*Assigned task*
All of the listing is to be written out word for word, with the pictures left out.

*Raw data*
--- START ---

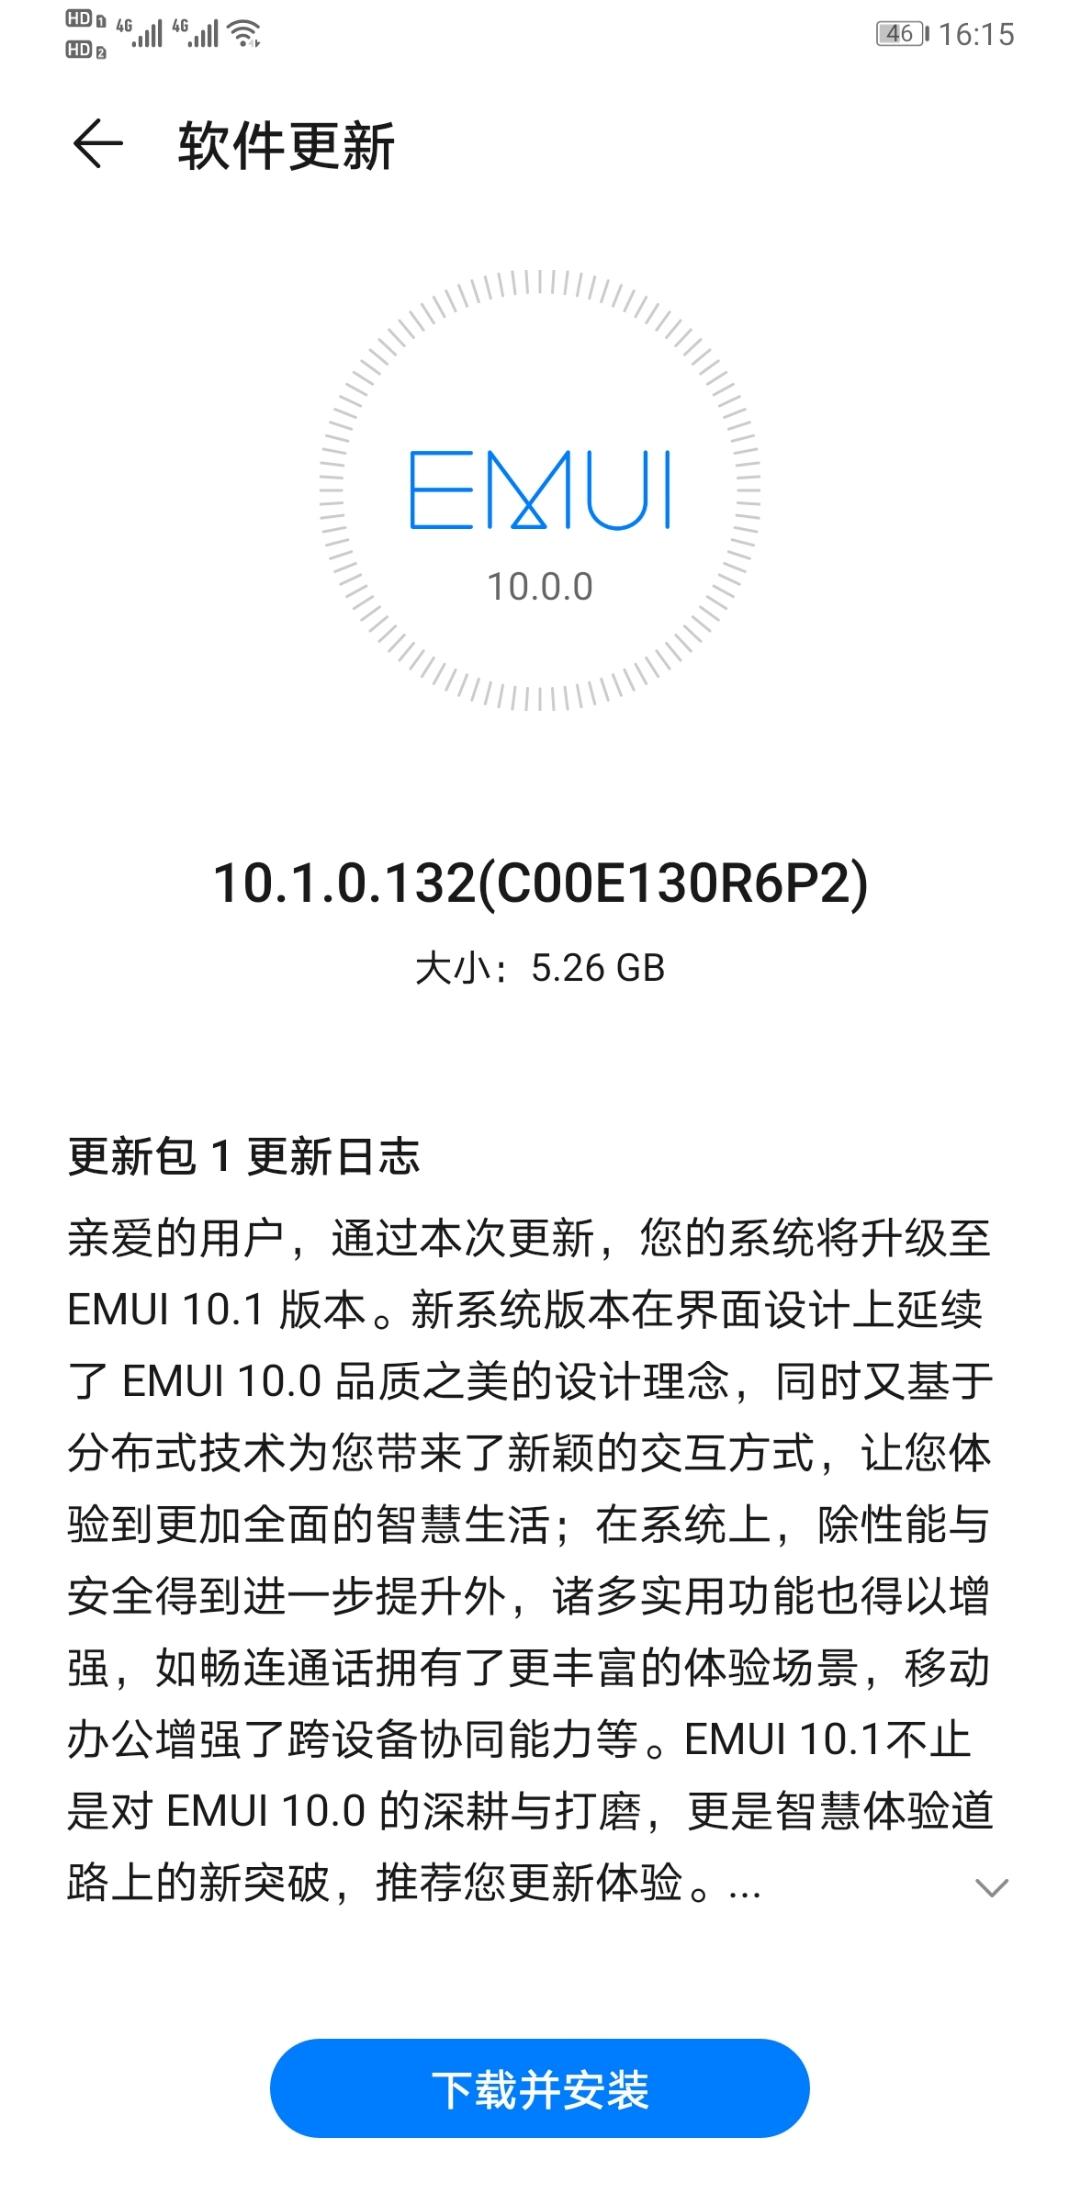 Screenshot_20200516_161548_com.huawei.android.hwouc.jpg
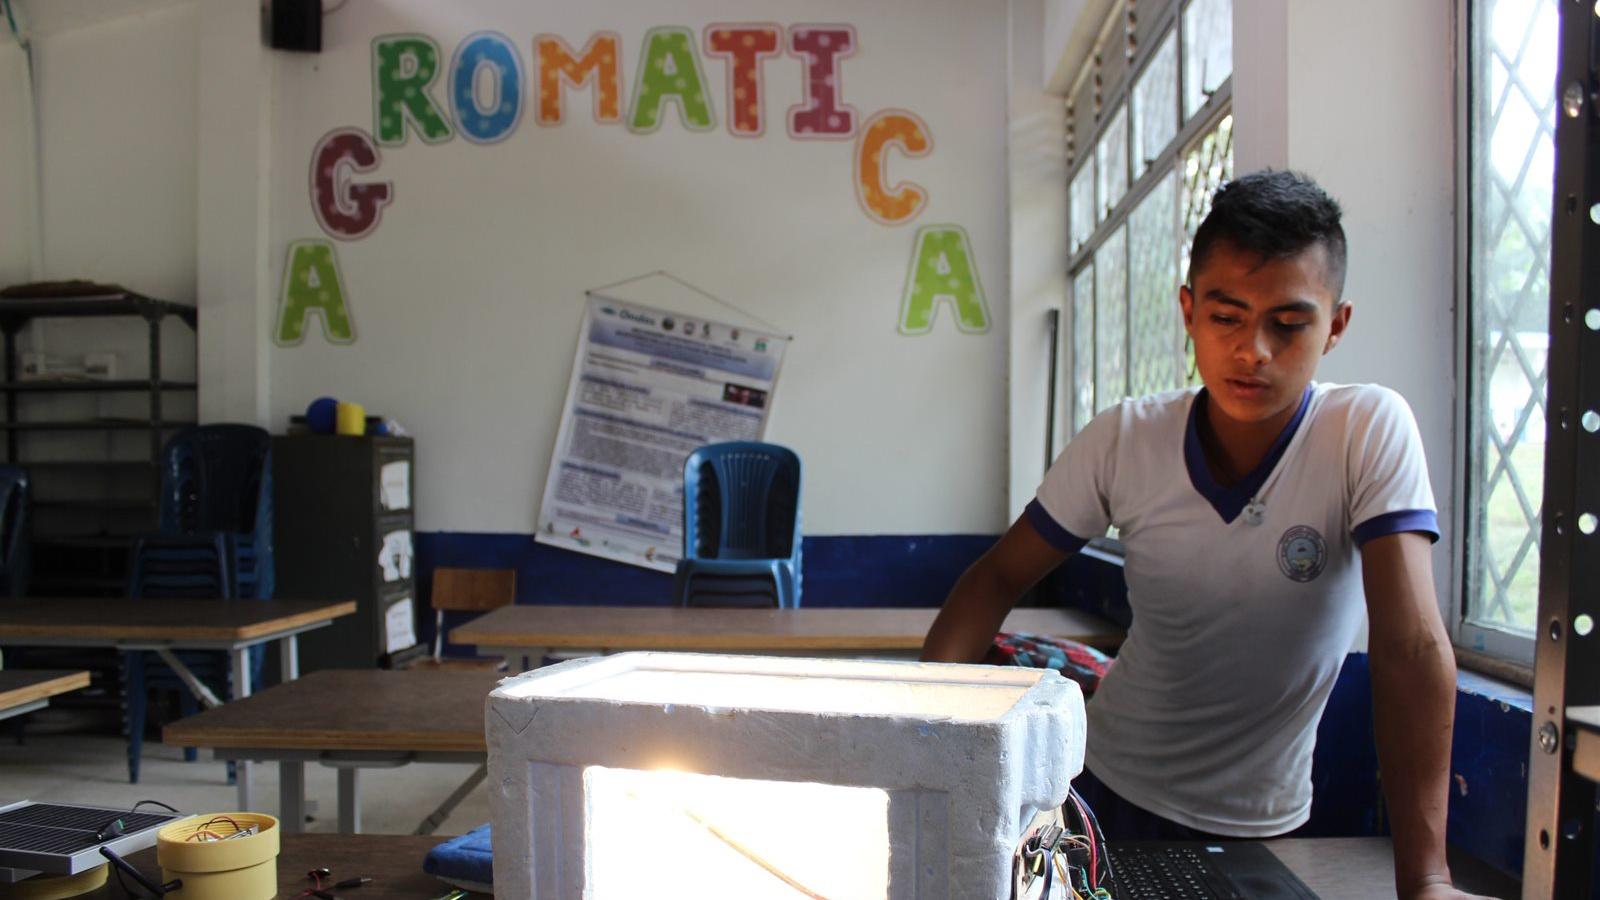 historias/caqueta/agromatica-la-asignatura-escolar-que-pretende-cambiar-el-futuro-del-campo
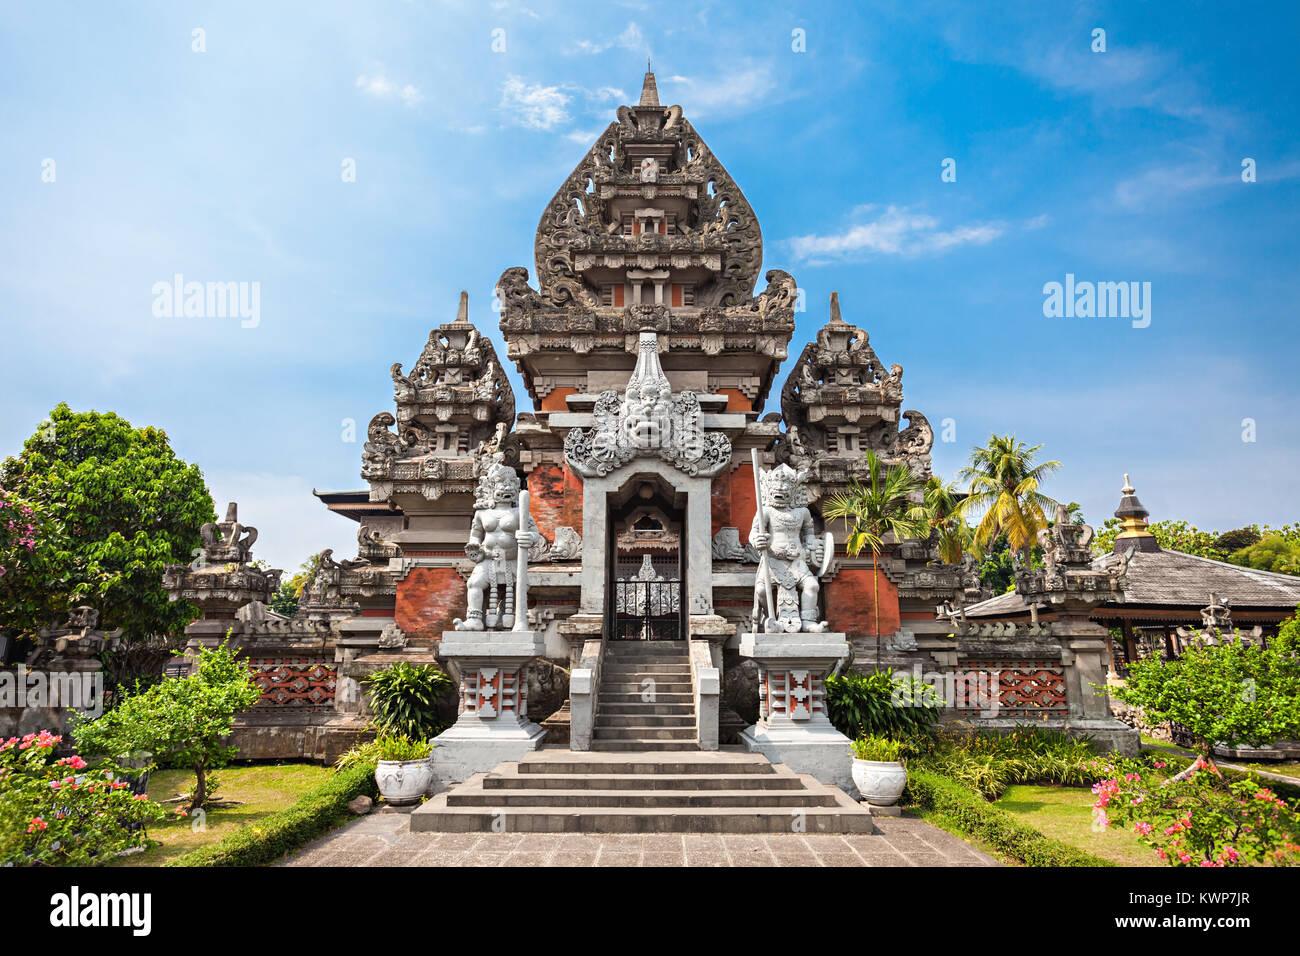 The Balinese style Indonesia Museum, Jakarta - Stock Image
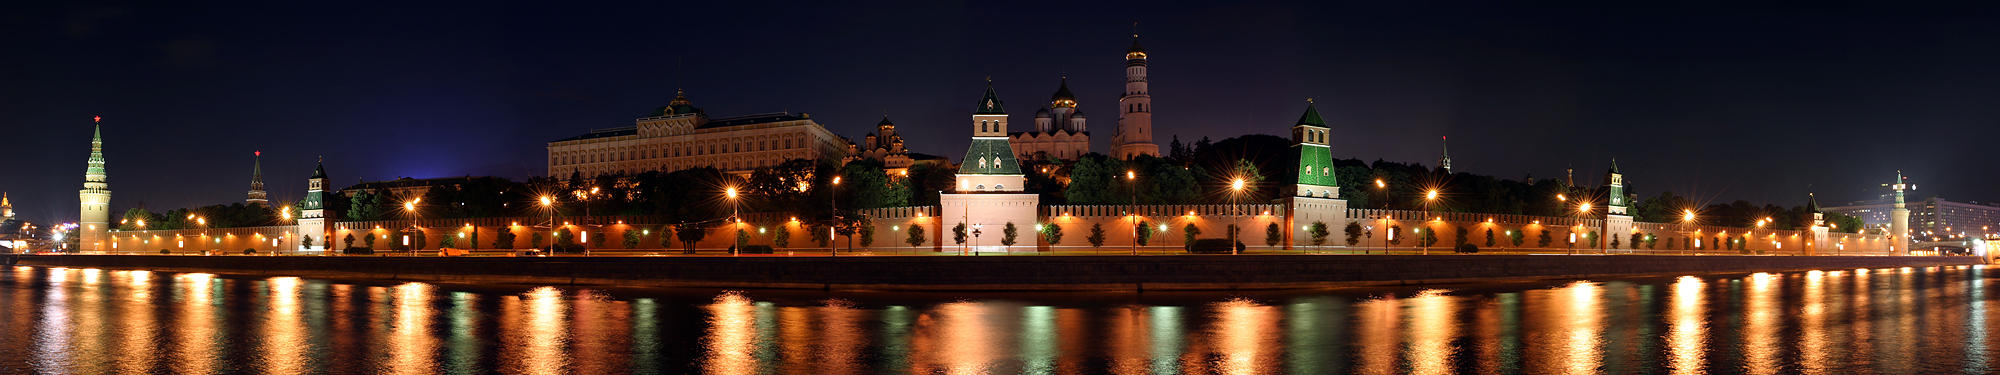 Panorama of Moscow Cremlin

--- END ---

*Written solution*
 Screenshot_20200516_161548_com.huawei.android.hwouc.jpg
 historias/caqueta/agromatica-la-asignatura-escolar-que-pretende-cambiar-el-futuro-del-campo
 The Balinese style Indonesia Museum, Jakarta - Stock Image
 Panorama of Moscow Cremlin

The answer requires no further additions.